David Cameron, caught on the back foot over his close relationship to the Murdoch empire, his friendship with Rebekah Brooks and the employment of Andy Coulson, instituted the inquiry in July last year following the revelation that the murdered schoolgirl Milly Dowler's phone had been hacked. This was the moment the scandal at News International crossed over into the public consciousness; it moved away from complaining celebrities to defenceless people unlucky enough to be caught in the news machine. Under pressure from Ed Miliband and Nick Clegg, Mr Cameron had little option.

As well as the conduct of the press, Lord Justice Leveson was to look at the relationships between politicians and proprietors, and between police and press, both arguably more important than the failures of the Press Complaints Commission (PCC). Both, though, have been regrettably downgraded, and the battleground is this: will the judge recommend statutory underpinning of press regulation? And, if – as expected – he does, how should Mr Cameron respond?

No one denies that sections of our press were mired in some awful practices as cheap shortcuts to sensational stories. Indiscriminate phone hacking to fish for tittle-tattle is rightly against the law, and those who break it should pay a heavy price.

That, though, is the point. For phone and computer hacking, invasion of privacy and prejudicing court proceedings, tough laws exist to protect the public. Those laws simply have not been rigorously applied, and that, of course, is less a matter for a press regulator – although the PCC was undoubtedly complacent – than for the police and the Crown Prosecution Service. In the phone-hacking scandal, the police failed almost as badly as parts of the press.

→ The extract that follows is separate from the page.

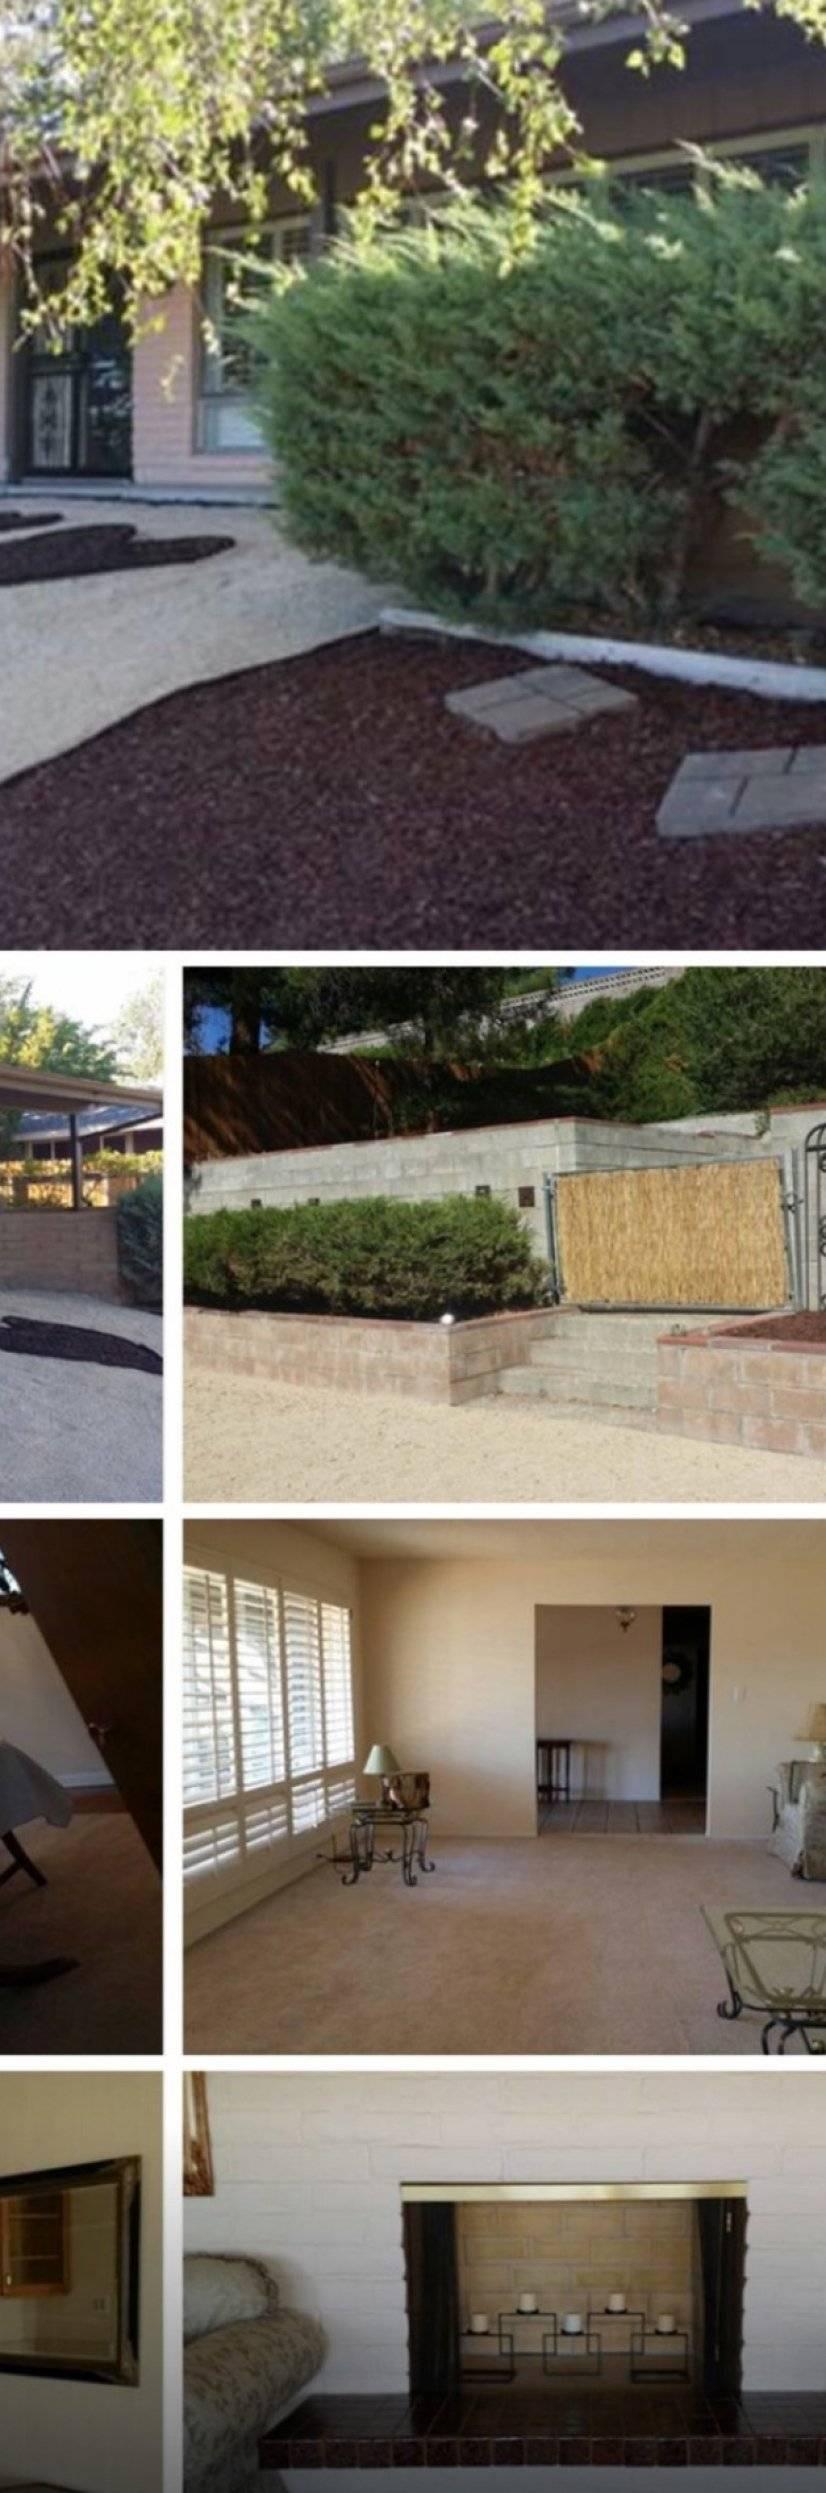 image 5 Furnished room to rent in Washoe (Reno), Reno-Tahoe Territory 2 bedroom House

A second point worth making is that bad journalism was brought to account by good journalism.

In this country, the state has not sought to control publishing since the repeal of the Licensing Act in 1695. There is a strong constitutional principle here, and the case for overturning it has to be overwhelming. It is not.

No one defends the PCC, the toothless self-regulator of the press for the past two decades. The Black-Hunt proposals make for a better system. These rid the model of serving editors, and give the new regulator powers to investigate without prior complaint and to impose fines on guilty parties of up to £1m. All groups have indicated they will sign up to it.

So what does Mr Cameron do if some form of statutory underpinning is recommended?

A pragmatic solution would be to say he will legislate, but then hold it in reserve, warning the press it has, say, three years to prove the Hunt-Black proposals work. Or else.

A handful of journalists forgot that we protect and serve the British public, and brought shame on us. But there are perhaps 40,000 journalists working in this country, and we should all remember this: for the most part, the British press, national and local, is the most vibrant, innovative, and tenacious in the world, and we know how to hold those in authority properly to account. We should be wary of anything that impairs that.